After the first attempted install of SEPM I was presented with the following issue;
-Symantec Endpoint Protection Manager displays an HTTP error in the Home, Monitors and Reports tabs-
fixed by finding this forum article;
 
afterwards I began the install of the client and was presented with a locked up server. Simple reboot, and all seemed well for two or three weeks.
 
Until this afternoon, for some reason at about 4:30 in the afternoon, all file shares and domain/group policy traffic ceased.
My client called me to inform me of this, I had her reboot the server, and everything seemed to come back up network-wise but the SEPM console fails to connect and the Symantec Embedded Database service will not start.
I have already Googled, Yahooed, Lived, browsed this forum, and found nothing that helps.
 
I get the
"The Java Virtual Machine has exited with a code of 1, the service is being stopped."
 
"The description for Event ID ( 1 ) in Source ( ASA 9.0 ) cannot be found. The local computer may not have the necessary registry information or message DLL files to display messages from a remote computer. You may be able to use the /AUXSOURCE= flag to retrieve this description; see Help and Support for details. The following information is part of the event: ASANYs_sem5, Could not start server."
 
"The description for Event ID ( 1 ) in Source ( ASA 9.0 ) cannot be found. The local computer may not have the necessary registry information or message DLL files to display messages from a remote computer. You may be able to use the /AUXSOURCE= flag to retrieve this description; see Help and Support for details. The following information is part of the event: ASANYs_sem5, Database cannot be started -- sem5.log is an invalid transaction log."
 
"The description for Event ID ( 1 ) in Source ( ASA 9.0 ) cannot be found. The local computer may not have the necessary registry information or message DLL files to display messages from a remote computer. You may be able to use the /AUXSOURCE= flag to retrieve this description; see Help and Support for details. The following information is part of the event: ASANYs_sem5, Service not able to access Desktop."

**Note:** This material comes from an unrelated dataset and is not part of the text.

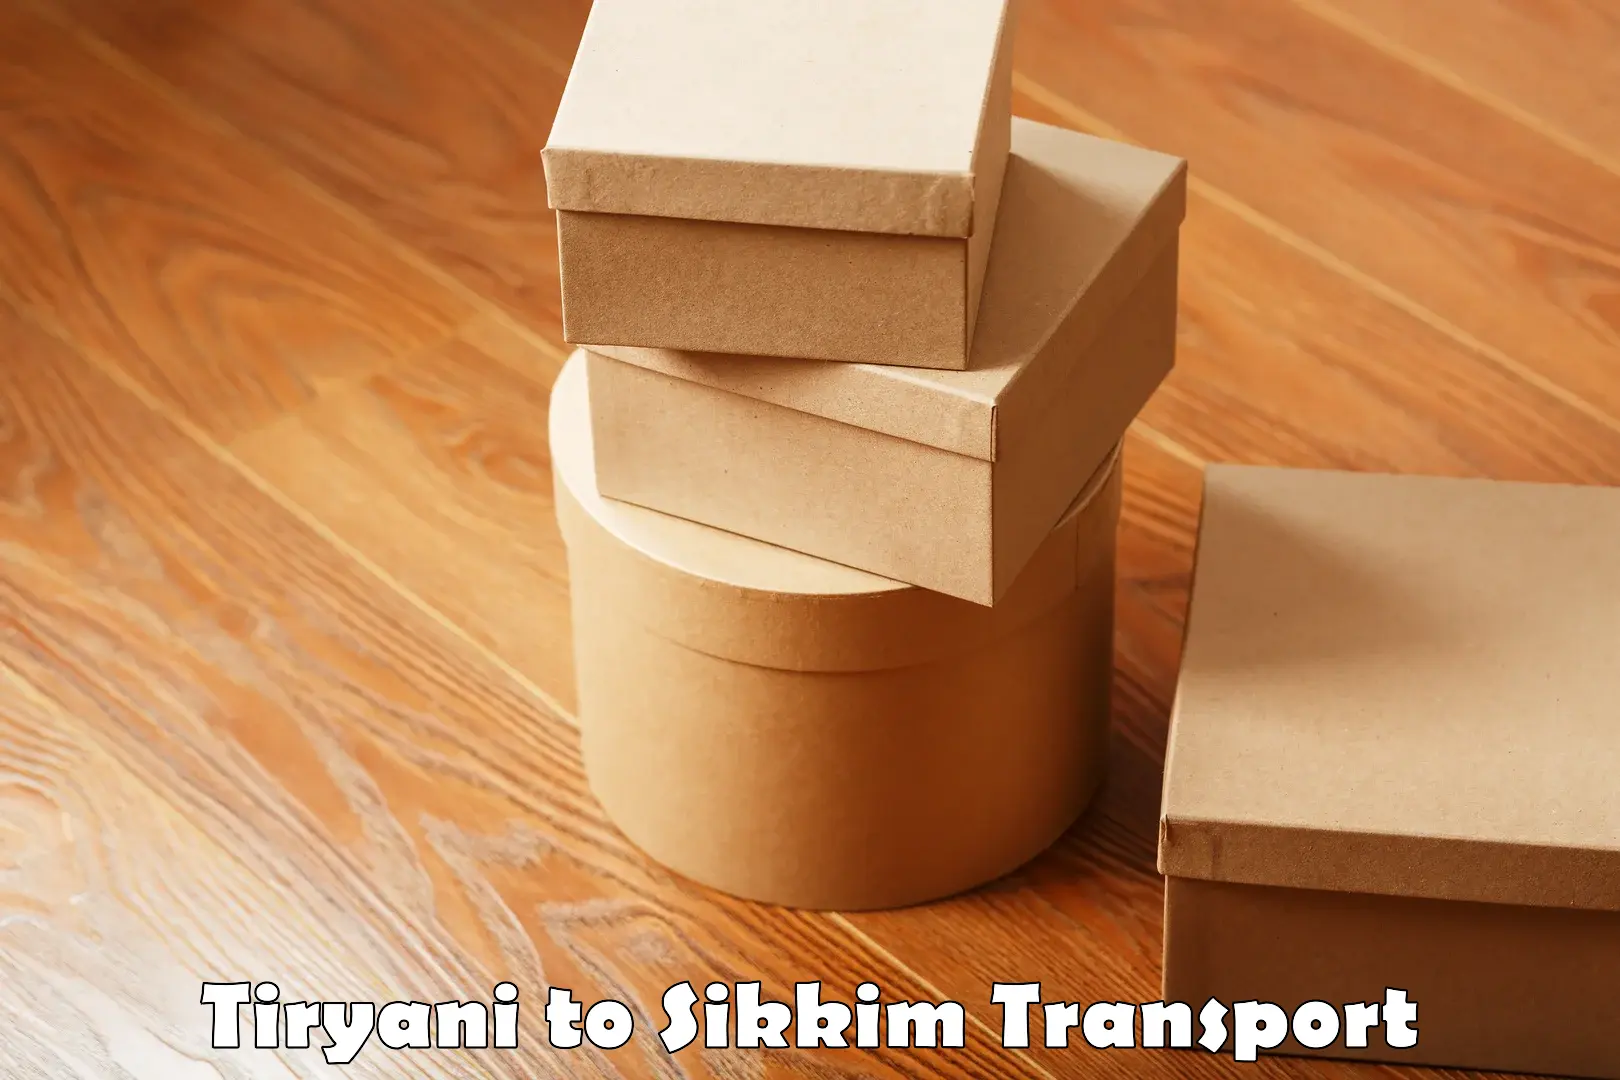 All India transport service Tiryani to Mangan

in the application event log starting 4:37:46 PM

already read this post
also tried everything in that post.
 
dbsrv9.exe doesnt even start, isnt running as a process to even be listening on port 4005/4006 etc etc.
 
What I have found since is in C:\Program Files\Symantec\Symantec Endpoint Protection Manager\db\err.log;
01/04 18:10:06. Database cannot be started -- sem5.log is an invalid transaction log
01/04 18:10:21. Database cannot be started -- sem5.log is an invalid transaction log
01/04 18:10:34. Database cannot be started -- sem5.log is an invalid transaction log
01/04 18:11:28. Database cannot be started -- sem5.log is an invalid transaction log
 
and a bunch of this in C:\Program Files\Symantec\Symantec Endpoint Protection Manager\db\out.log;
 
I. 01/04 15:58:39. Starting checkpoint of "sem5" (sem5.db) at Fri Jan 04 2008 15:58
I. 01/04 15:58:39. Finished checkpoint of "sem5" (sem5.db) at Fri Jan 04 2008 15:58
I. 01/04 16:36:40. Adaptive Server Anywhere Network Server Version 9.0.2.3347
I. 01/04 16:36:40.
I. 01/04 16:36:40. Copyright © 1989-2004 Sybase, Inc.
I. 01/04 16:36:40. Portions Copyright © 2002-2004, iAnywhere Solutions, Inc.
I. 01/04 16:36:40. All rights reserved. All unpublished rights reserved.
I. 01/04 16:36:40. 
I. 01/04 16:36:40. This software contains confidential and trade secret information of
I. 01/04 16:36:40. iAnywhere Solutions, Inc.
I. 01/04 16:36:40. Use, duplication or disclosure of the software and documentation
I. 01/04 16:36:40. by the U.S. Government is subject to restrictions set forth in a license
I. 01/04 16:36:40. agreement between the Government and iAnywhere Solutions, Inc. or
I. 01/04 16:36:40. other written agreement specifying the Government's rights to use the
I. 01/04 16:36:40. software and any applicable FAR provisions, for example, FAR 52.227-19.
I. 01/04 16:36:40. 
I. 01/04 16:36:40. iAnywhere Solutions, Inc., One Sybase Drive, Dublin, CA 94568, USA
I. 01/04 16:36:40.
I. 01/04 16:36:40. 4 logical processor(s) on 1 physical processor(s) detected.
I. 01/04 16:36:40. Per-processor licensing model. The server is limited to use 16 processor(s).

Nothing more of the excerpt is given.